▶ **Task instructions**: What you return should be the complete listing, unchanged, with no pictures in it.

----- Information supplied

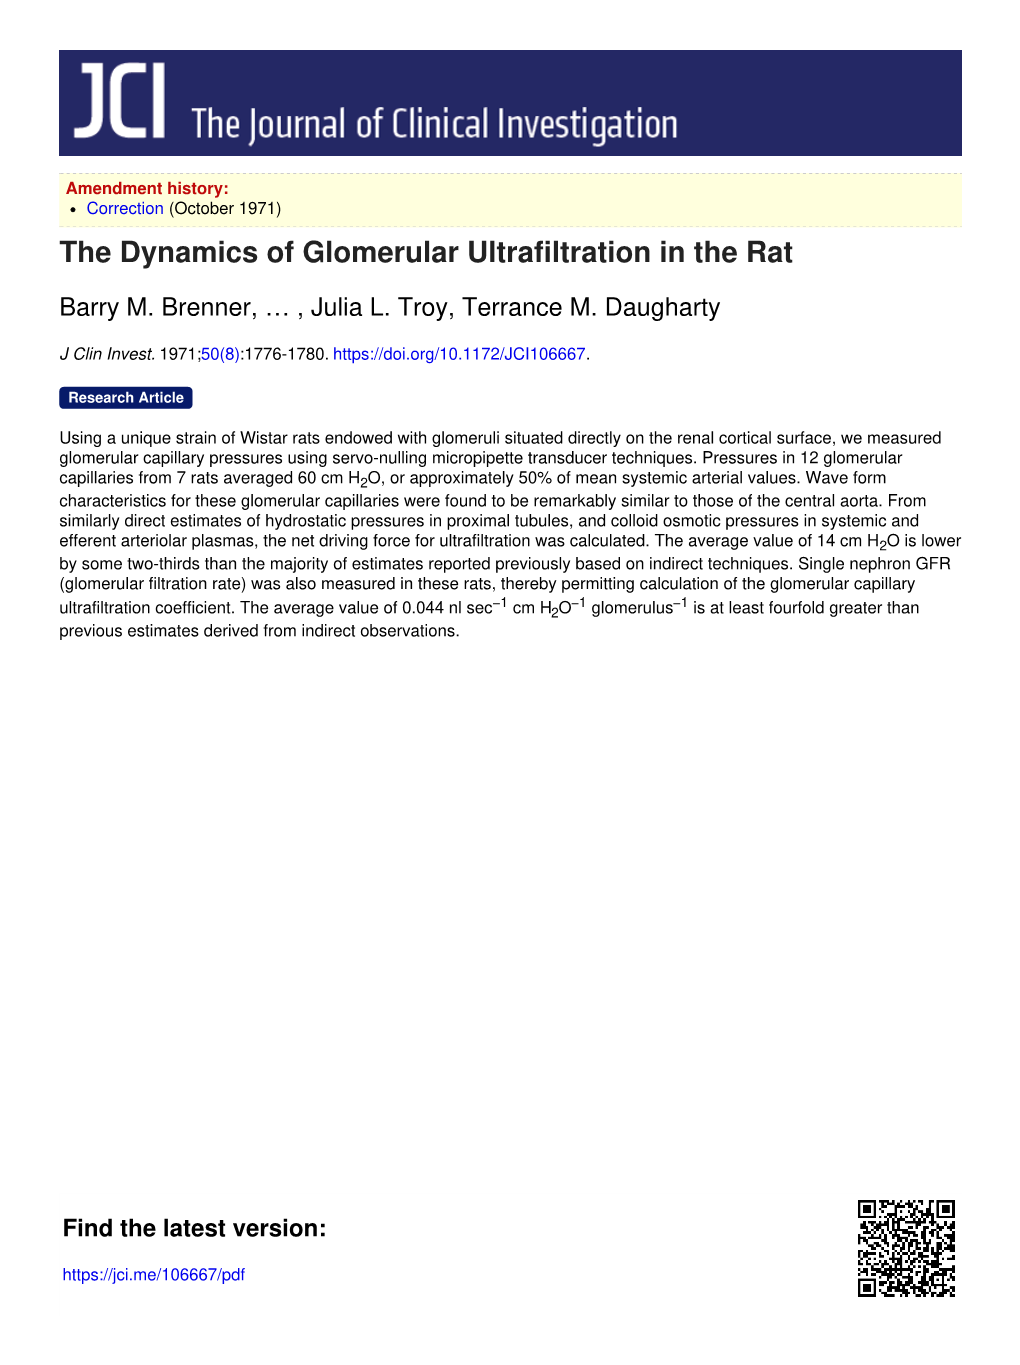 The Dynamics of Glomerular Ultrafiltration in the Rat
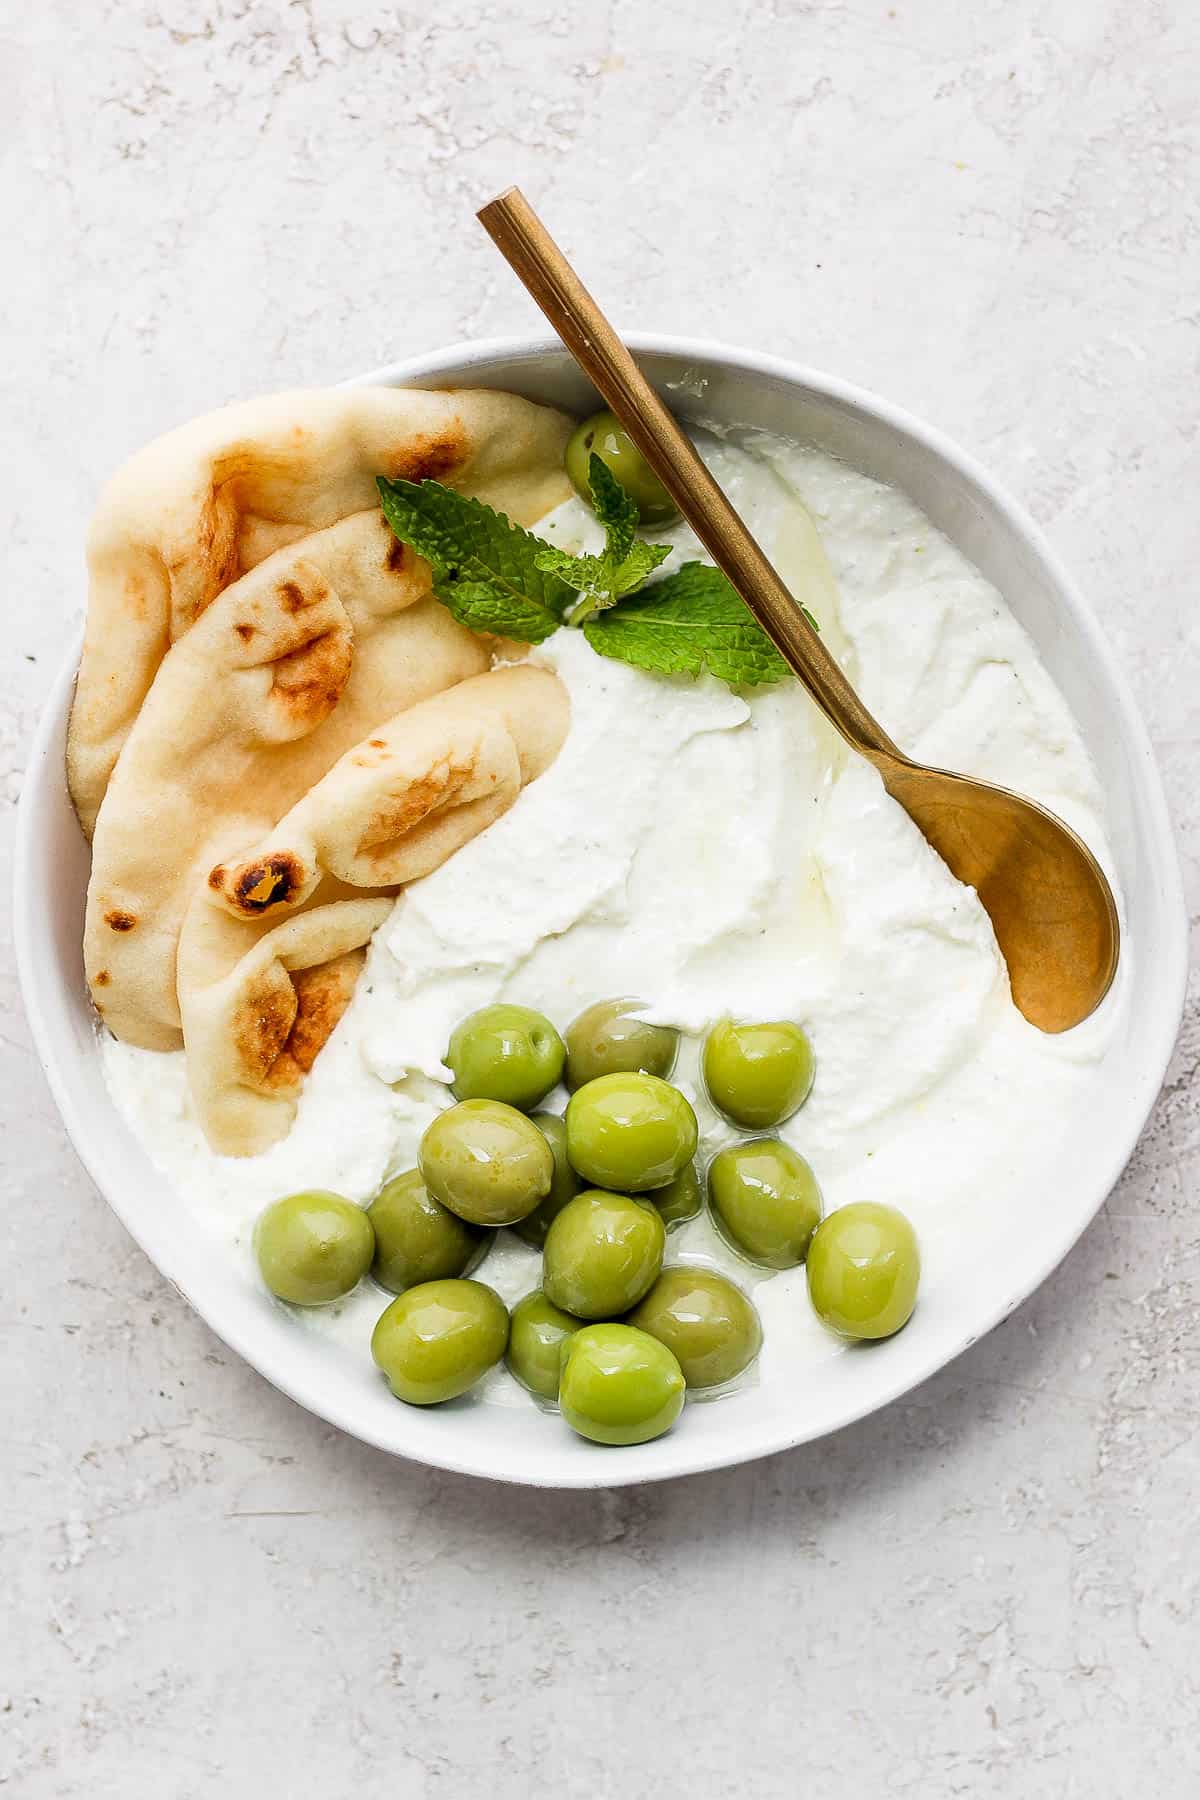 Whipped feta dip in a bowl surrounded by pita bread, olives, and a mint leaf.
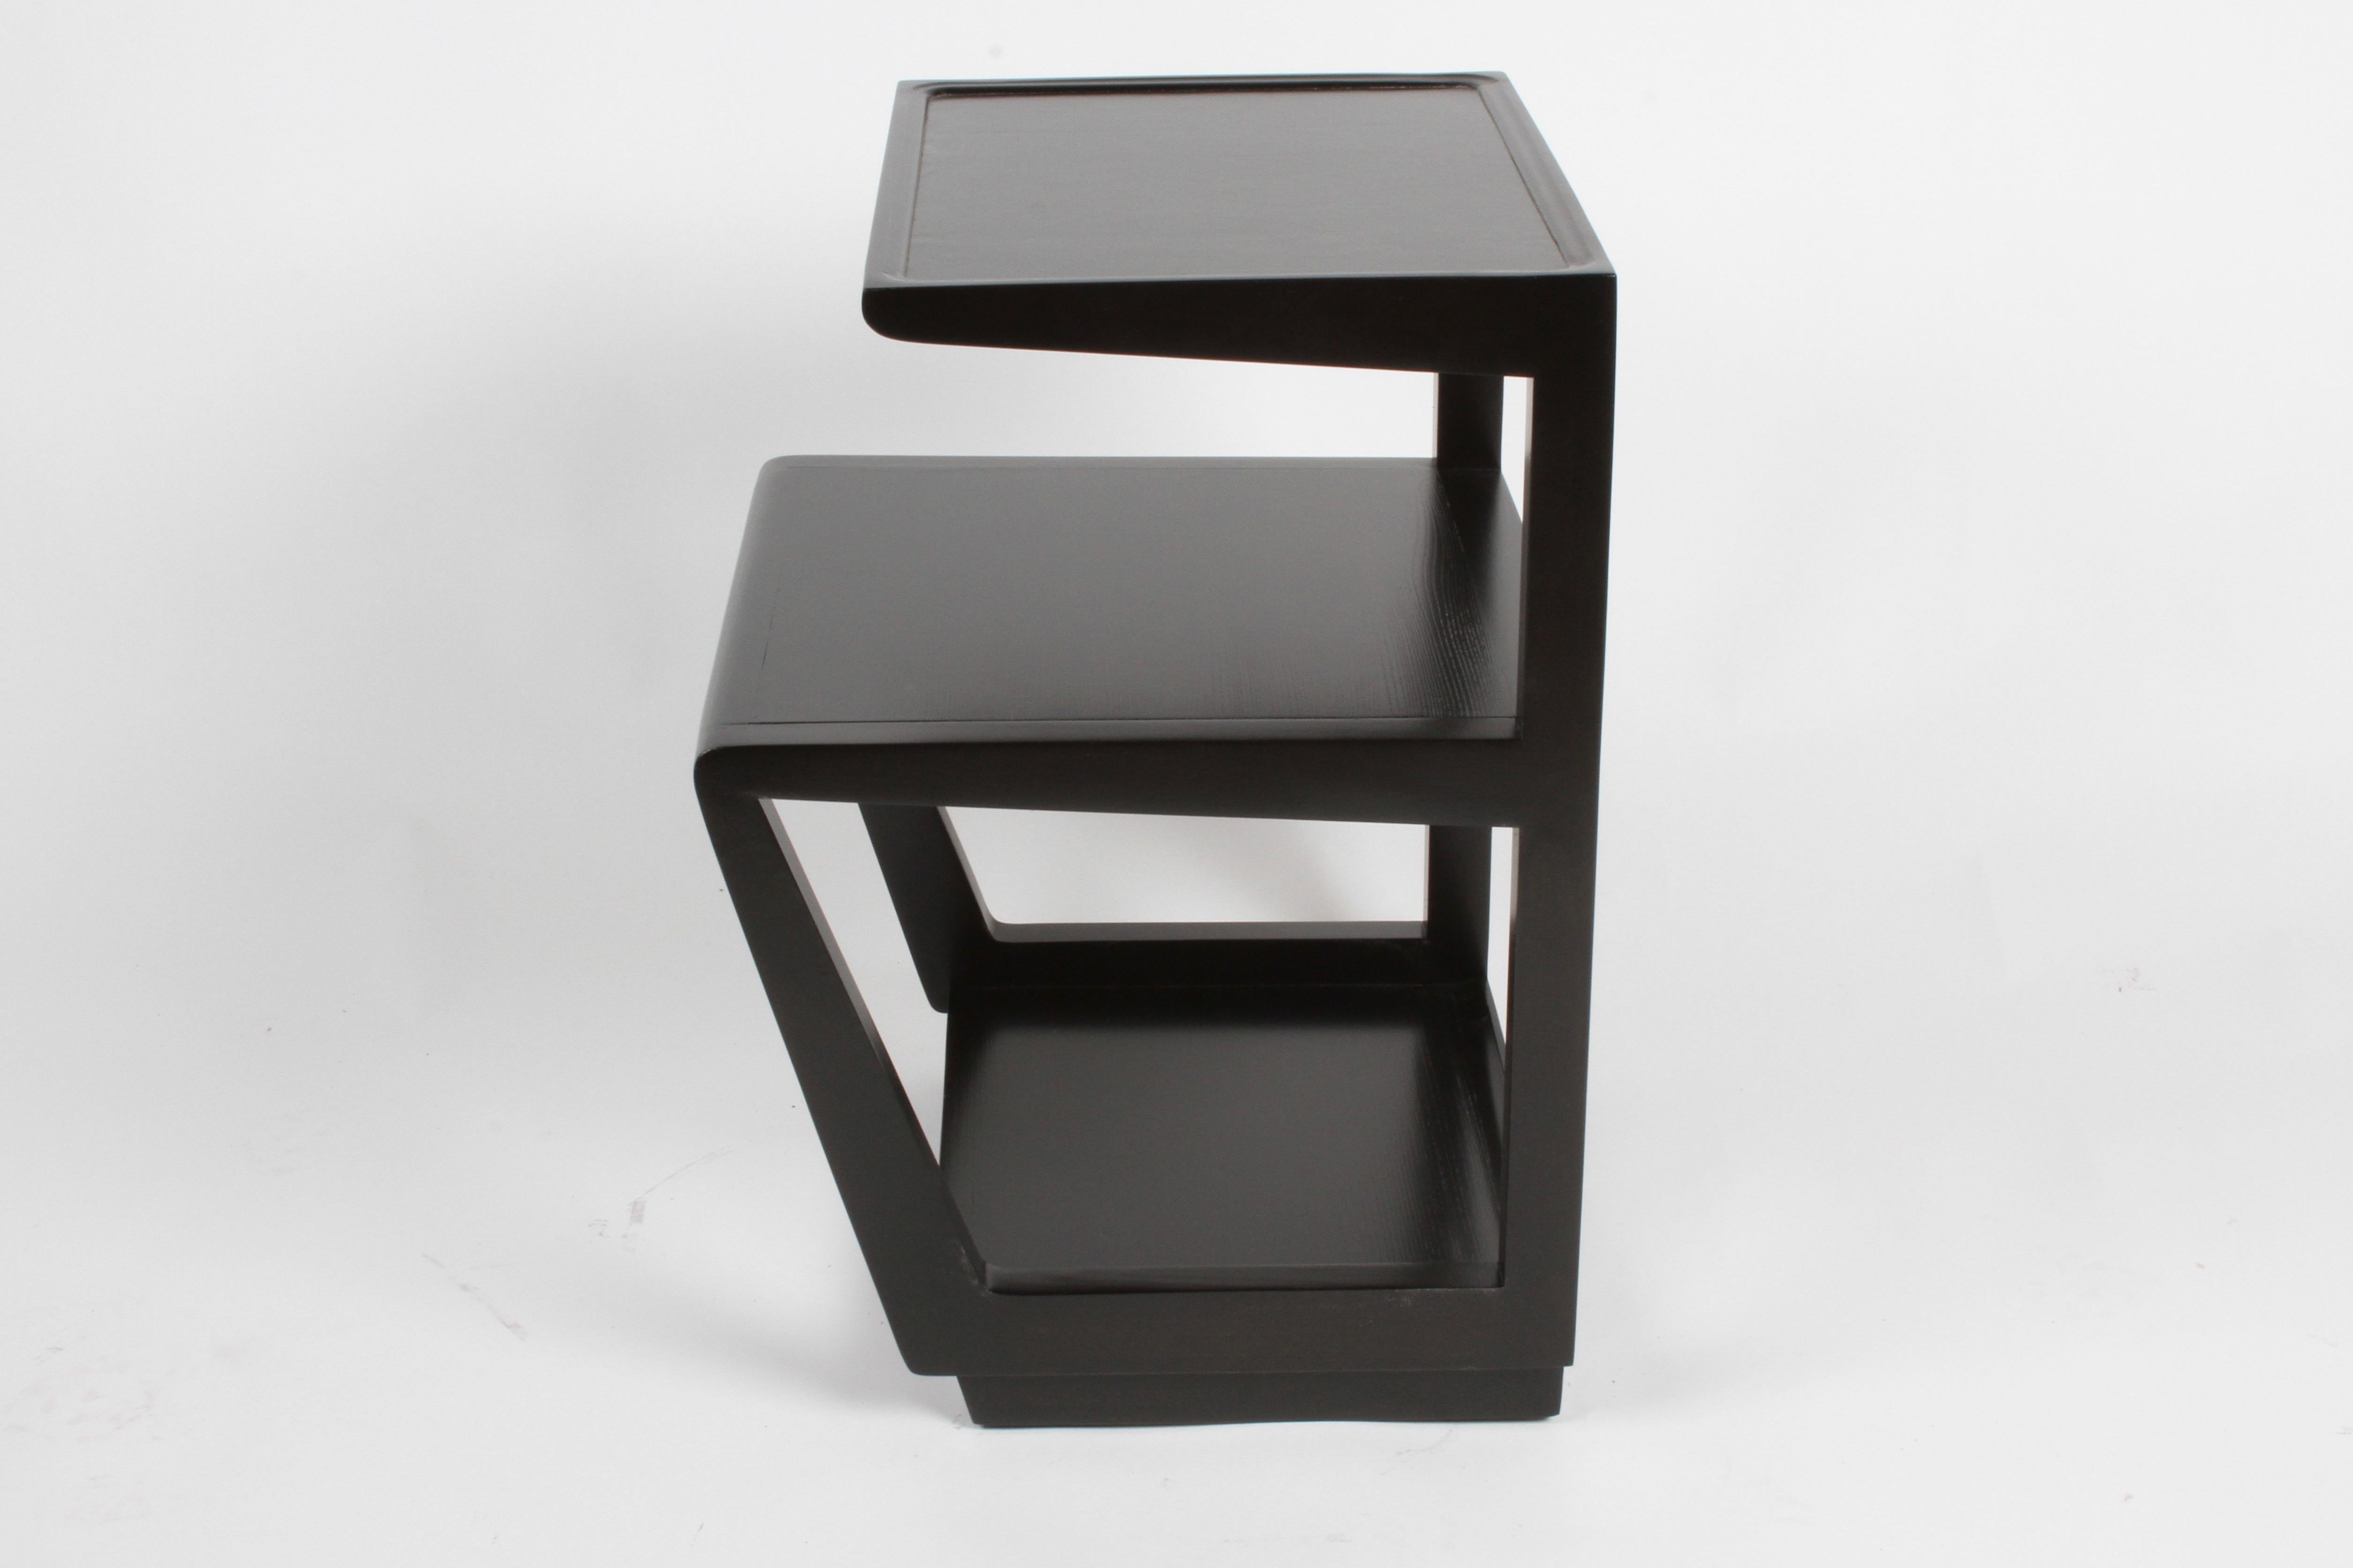 Leather Pair of Edward Wormley 3-Tiered Tables, Precedent Collection in Dark Espresso

----------

▶ **Solution to the problem**:
 The Dynamics of Glomerular Ultrafiltration in the Rat
 Whipped feta dip in a bowl surrounded by pita bread, olives, and a mint leaf.
 Leather Pair of Edward Wormley 3-Tiered Tables, Precedent Collection in Dark Espresso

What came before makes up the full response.